### Try it
Restate the data below word for word, and let no image into your version.

Top of Given data

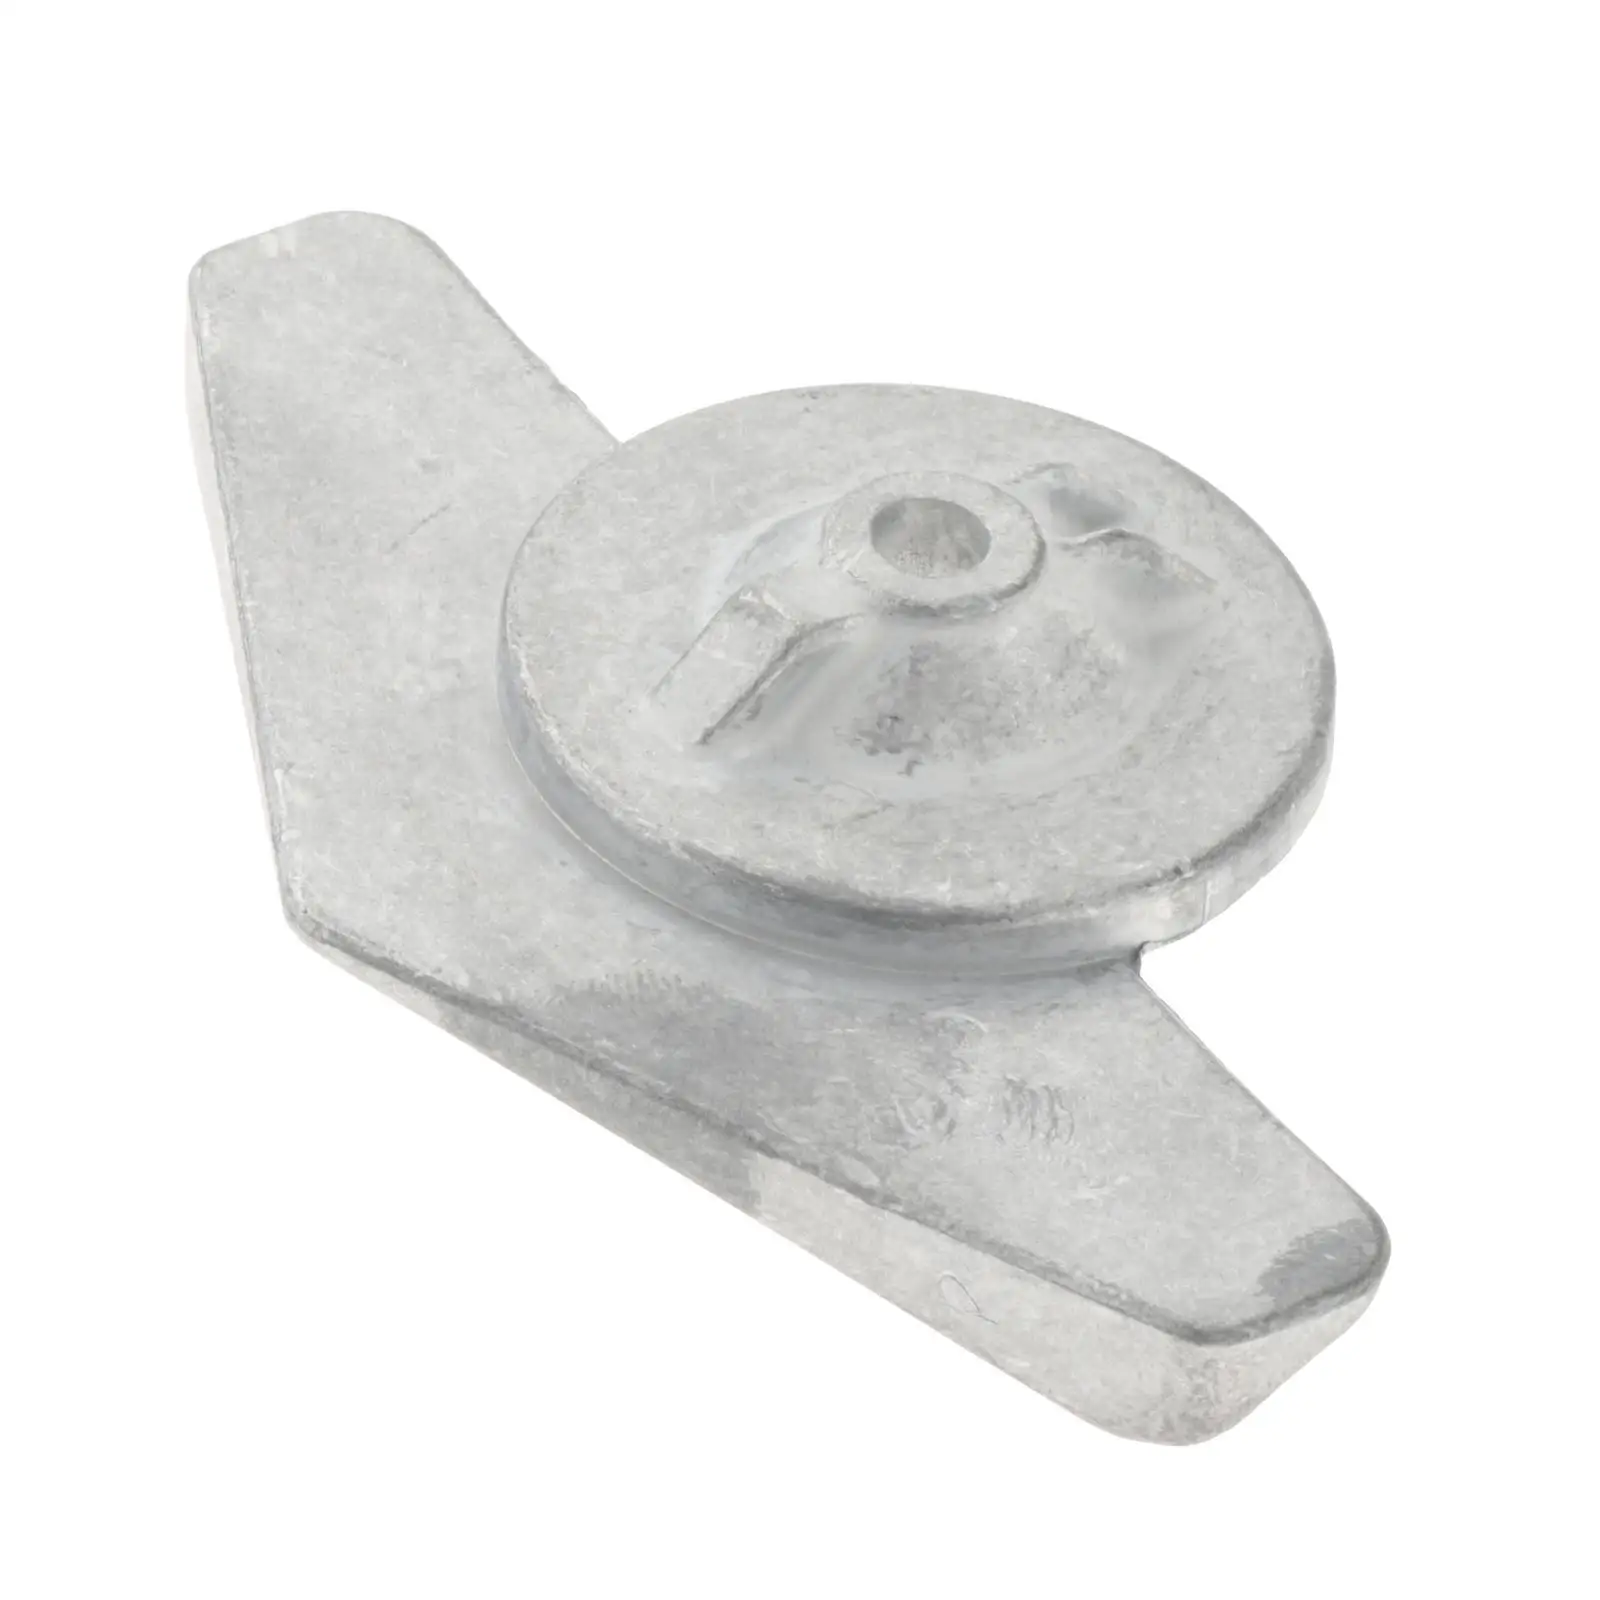 Anode Fits for Yamaha Outboard Motor F9.9 F15 15HP 2 Stroke & 4 Stroke Accessories Spare Parts 6E8-45251-02 Replacement
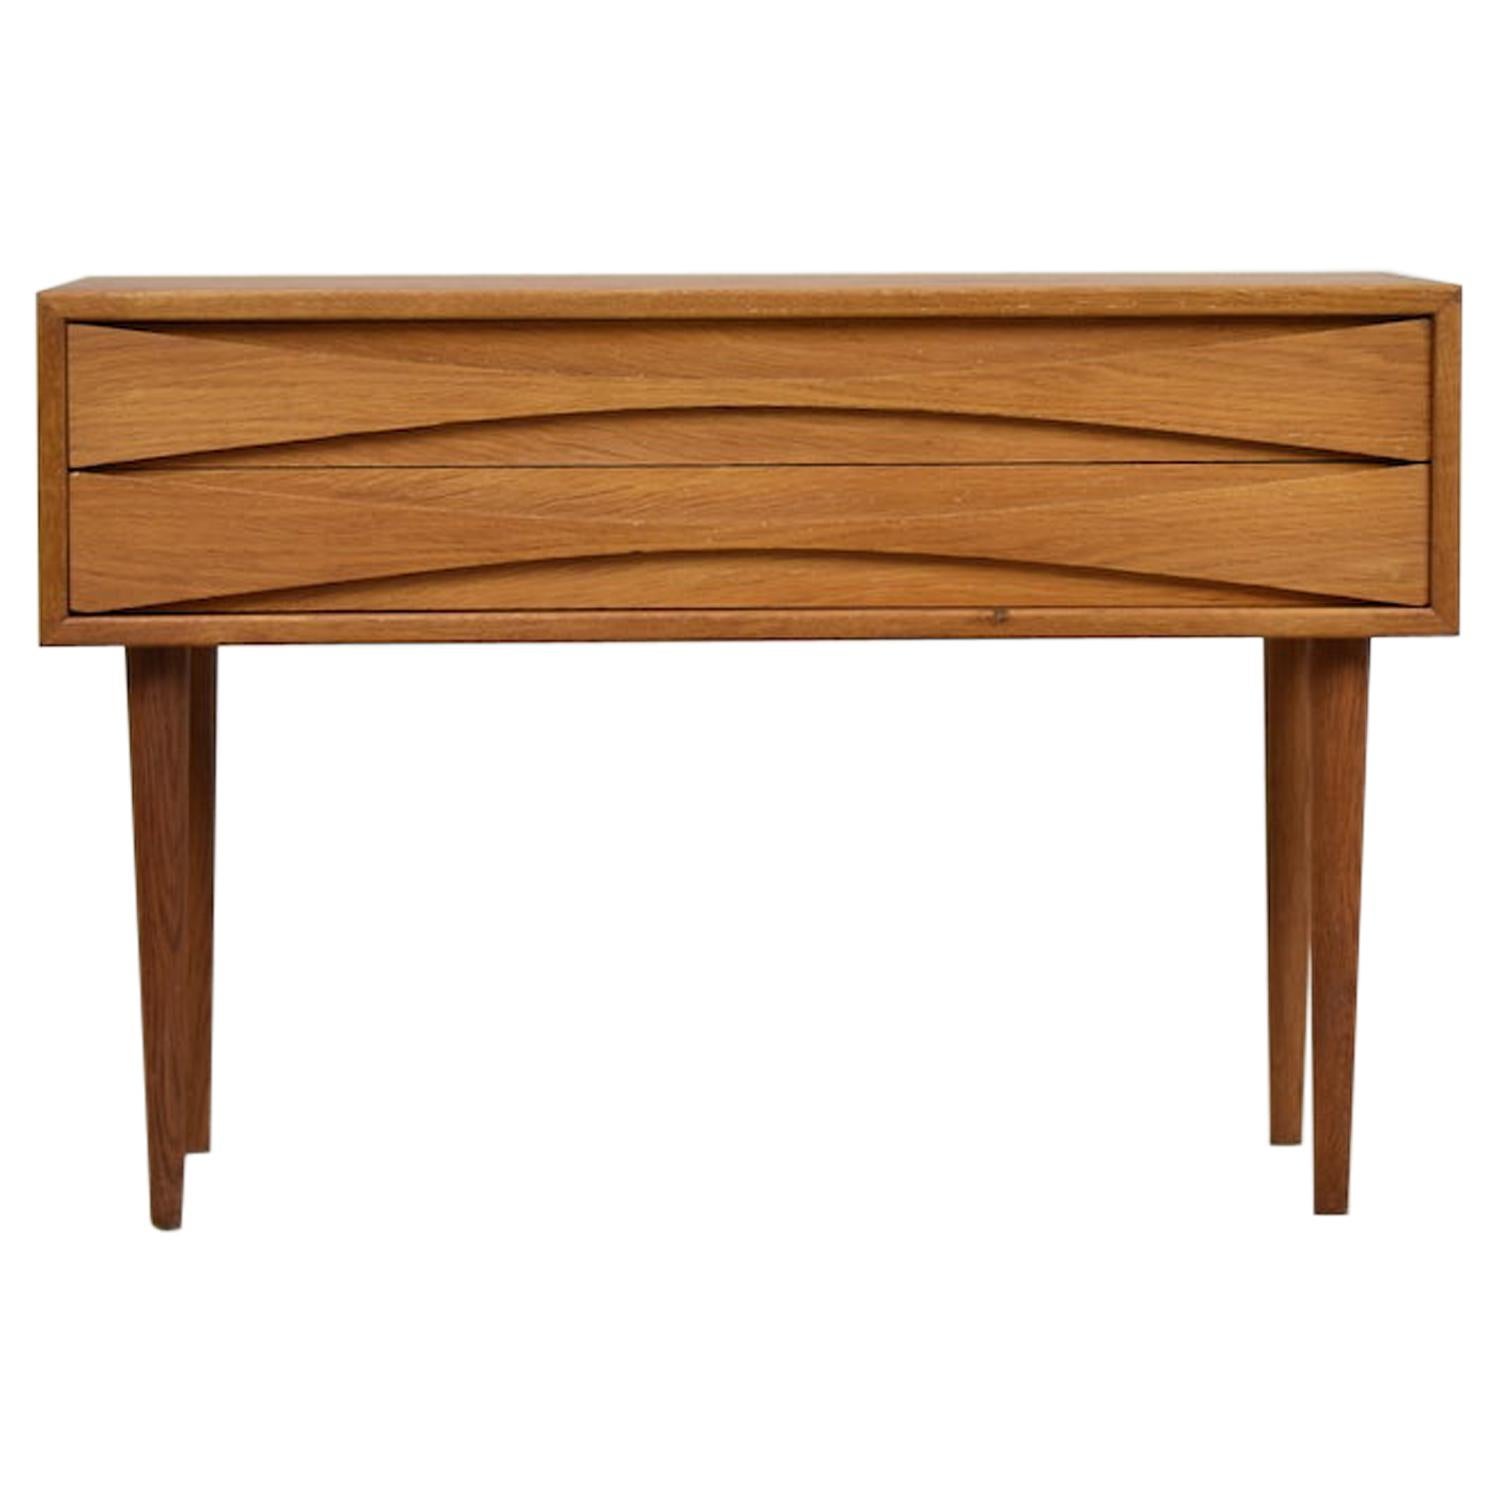 Oak Chest of Drawers by Niels Clausen for NC Möbler, Denmark, 1960s
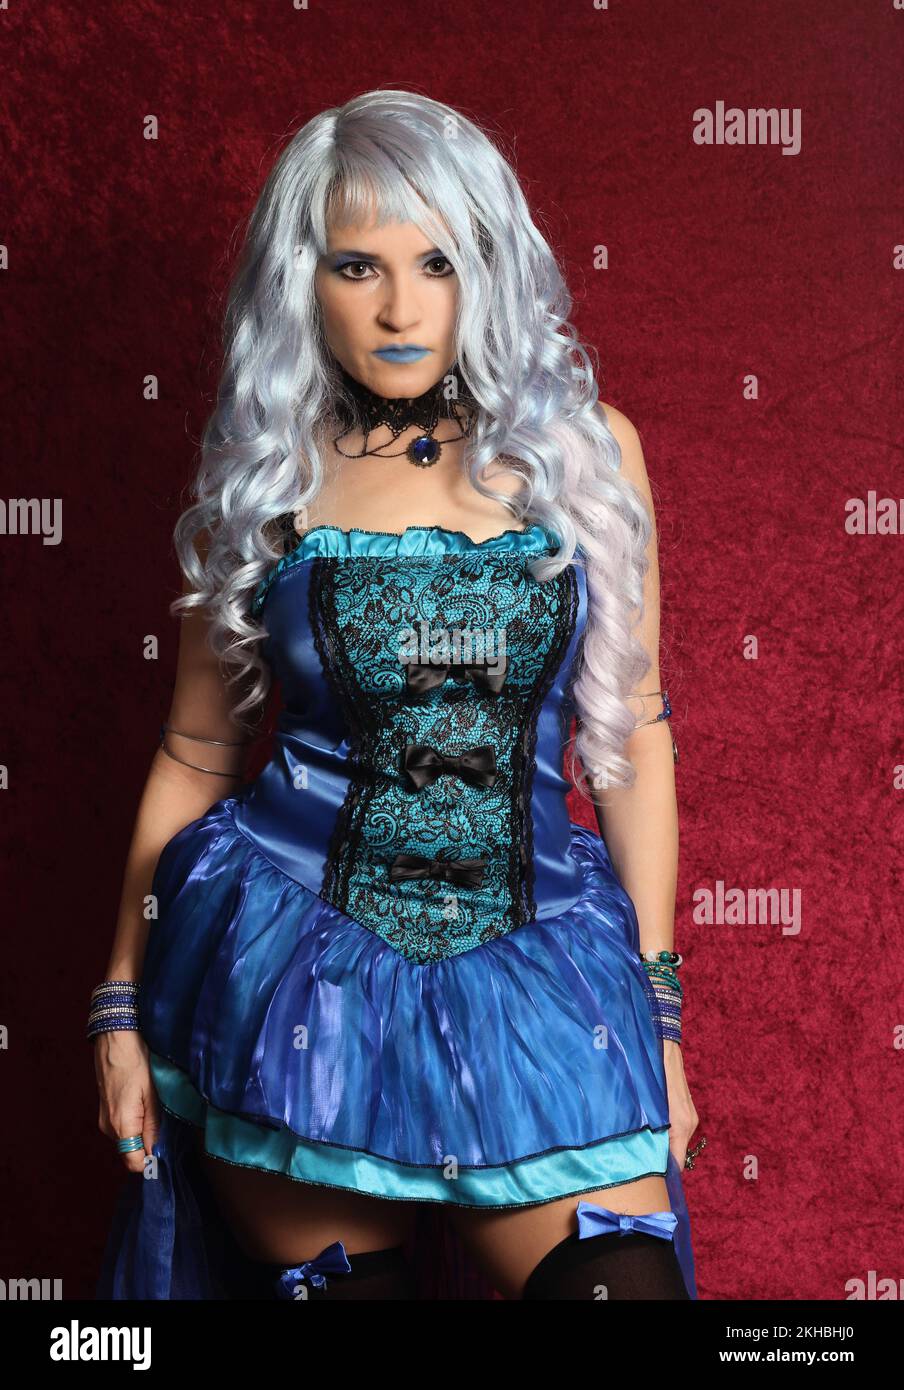 Woman With Blue Hair and Blue Corset Dress on Red Velvet Stock Photo

Bottom of Given data

### Result
 Anode Fits for Yamaha Outboard Motor F9.9 F15 15HP 2 Stroke & 4 Stroke Accessories Spare Parts 6E8-45251-02 Replacement
 Oak Chest of Drawers by Niels Clausen for NC Möbler, Denmark, 1960s
 Woman With Blue Hair and Blue Corset Dress on Red Velvet Stock Photo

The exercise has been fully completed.